Why: The Minimum-Norm Interpolant
When $p > n$ (more parameters than data), there are infinitely many interpolating solutions. Gradient descent from zero initialization converges to the minimum-norm solution
\[\hat\theta_{\text{mn}} = X^T(XX^T)^{-1}y\]the pseudoinverse solution. It minimizes $\lVert\theta\rVert_2$ subject to $X\theta = y$, spreading the explanation across all available parameters rather than concentrating it. The expected test error of this solution decomposes as:
\[\mathbb{E}[(y^* - x^{*T}\hat\theta)^2] \approx \underbrace{\frac{n\sigma^2}{p^2}\text{tr}(\Sigma)}_{\to 0 \text{ as } p \to \infty} + \underbrace{\text{residual bias}}_{\to 0 \text{ as span grows}}\]Both terms shrink as $p$ grows past $n$. The spike at the interpolation threshold occurs because $(XX^T)^{-2}$ blows up when $XX^T$ is nearly singular, the model has just enough parameters to interpolate but not enough redundancy to do so stably. Small changes in training data cause large changes in the solution, maximizing variance precisely at this point.

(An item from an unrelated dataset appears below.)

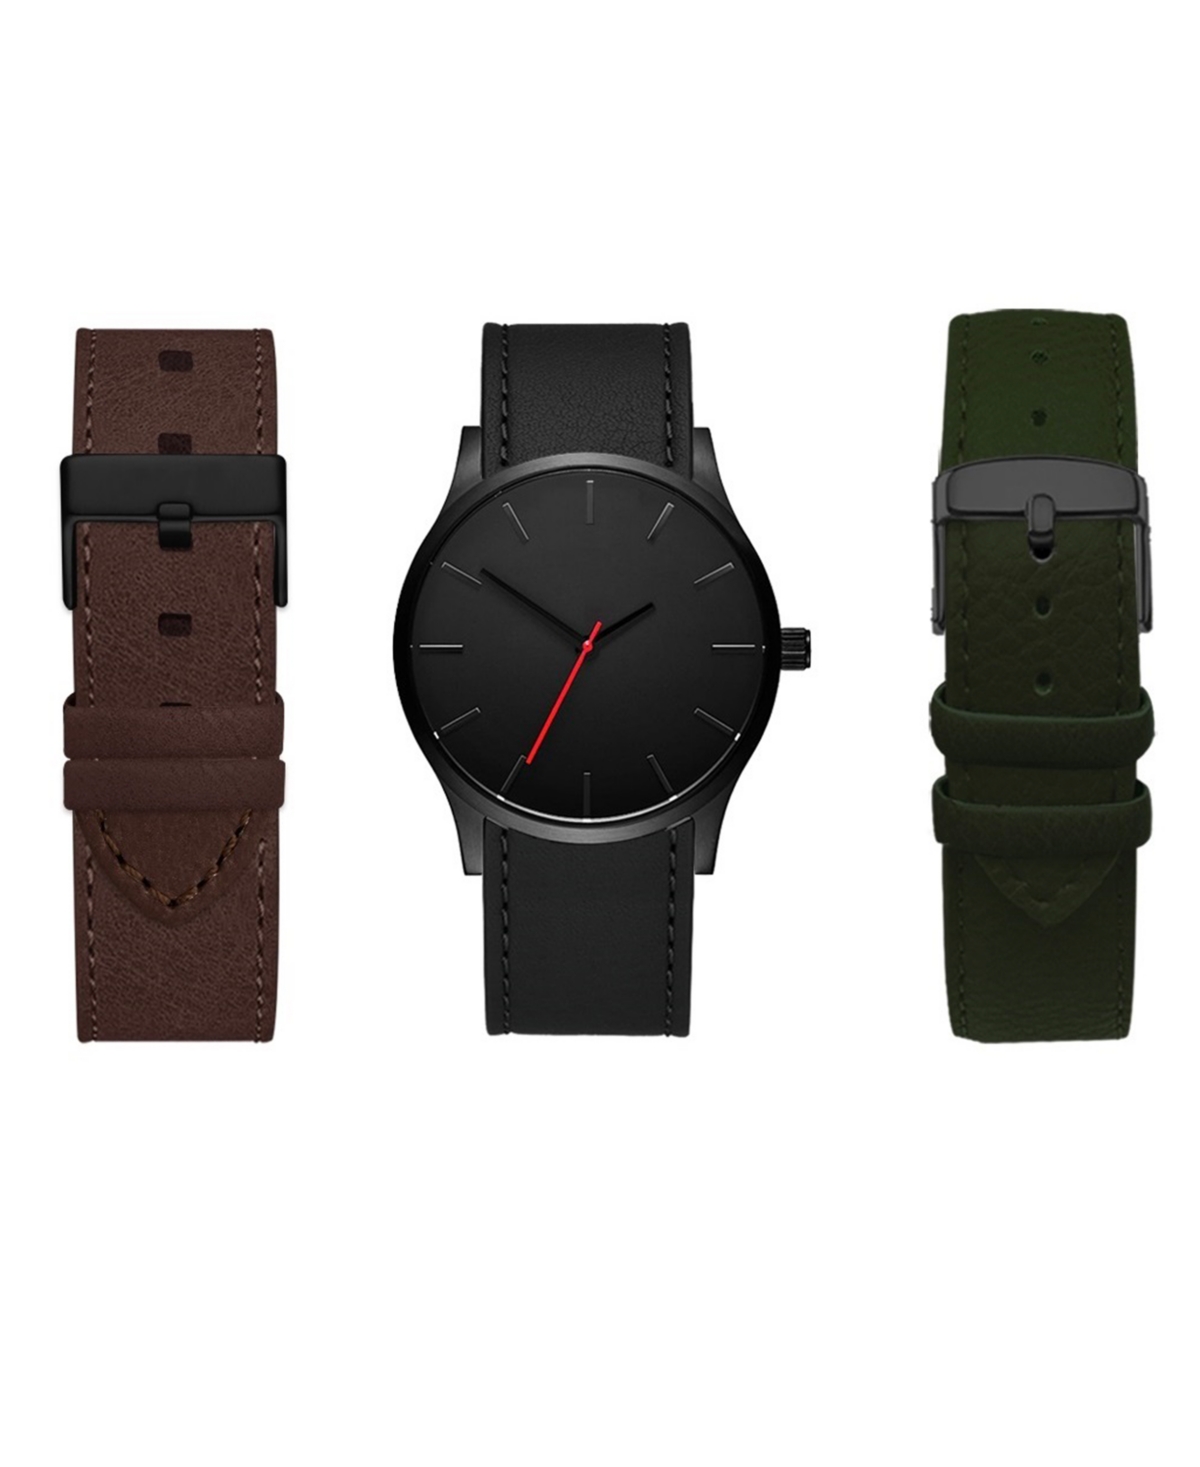 Men's Quartz Dial Black Leather Strap Watch, 42mm with Interchangeable Straps, Set of 3 - Multi
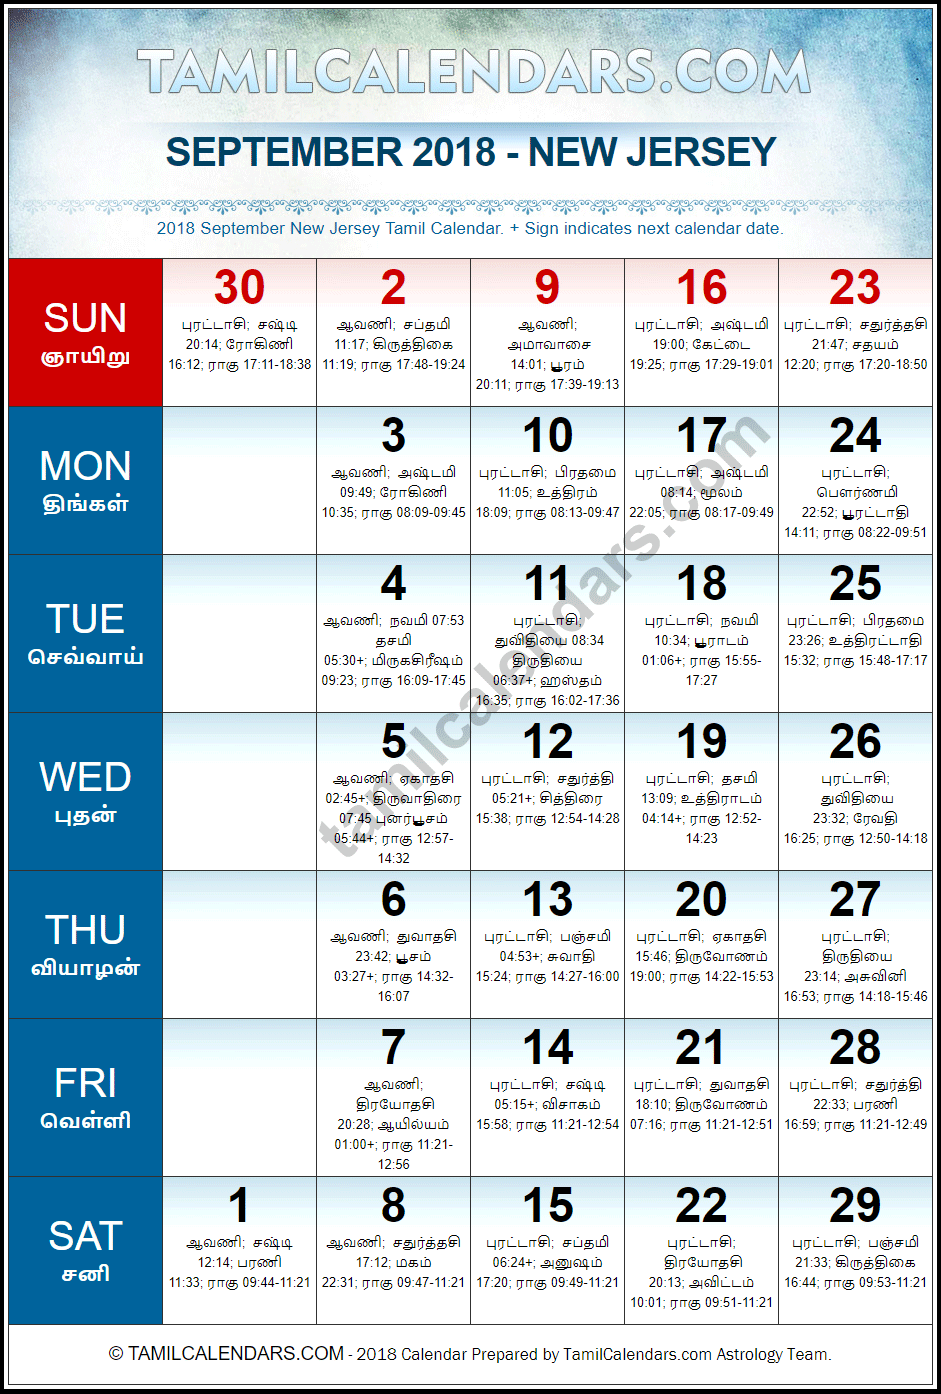 September 2018 Tamil Calendar for New Jersey, USA

Neural Network Double Descent
For deep networks, Nakkiran et al. (2019) showed the same phenomenon as ResNet width increases:
| Width multiplier | Train acc | Test acc |
|---|---|---|
| 4× (classical optimum) | 96% | 91% |
| 8× (near threshold) | 99.8% | 89% |
| 16× (overparameterized) | 99.9% | 93% |
| 32× | 99.9% | 94% |
The 32× wide model outperforms the classical 4× optimum by 3 percentage points. The 8× model, near the interpolation threshold, is the worst large model. The phenomenon appears in training time too: test loss follows a double descent curve as a function of epochs, with a hump before grokking and a second descent toward strong generalization.
What This Changes
The practical implication of double descent is significant: the classical prescription of “use the smallest model that fits your data” is wrong for deep learning. The correct prescription is to sit well into the overparameterized regime, where implicit regularization via minimum-norm solutions is effective.
This is why scaling laws consistently find that larger models at fixed compute outperform smaller models with more training. It is why dropout and weight decay are most useful near the interpolation threshold, the point of maximum instability, and sometimes counterproductive in the deeply overparameterized regime, where they can push the model back toward that unstable region.
Double descent does not invalidate classical learning theory. It extends it. The bias-variance tradeoff is real and correct in the underparameterized regime. It simply fails to describe what happens when you cross the interpolation threshold, because the implicit regularization of gradient descent creates a second descent that the classical analysis never accounted for.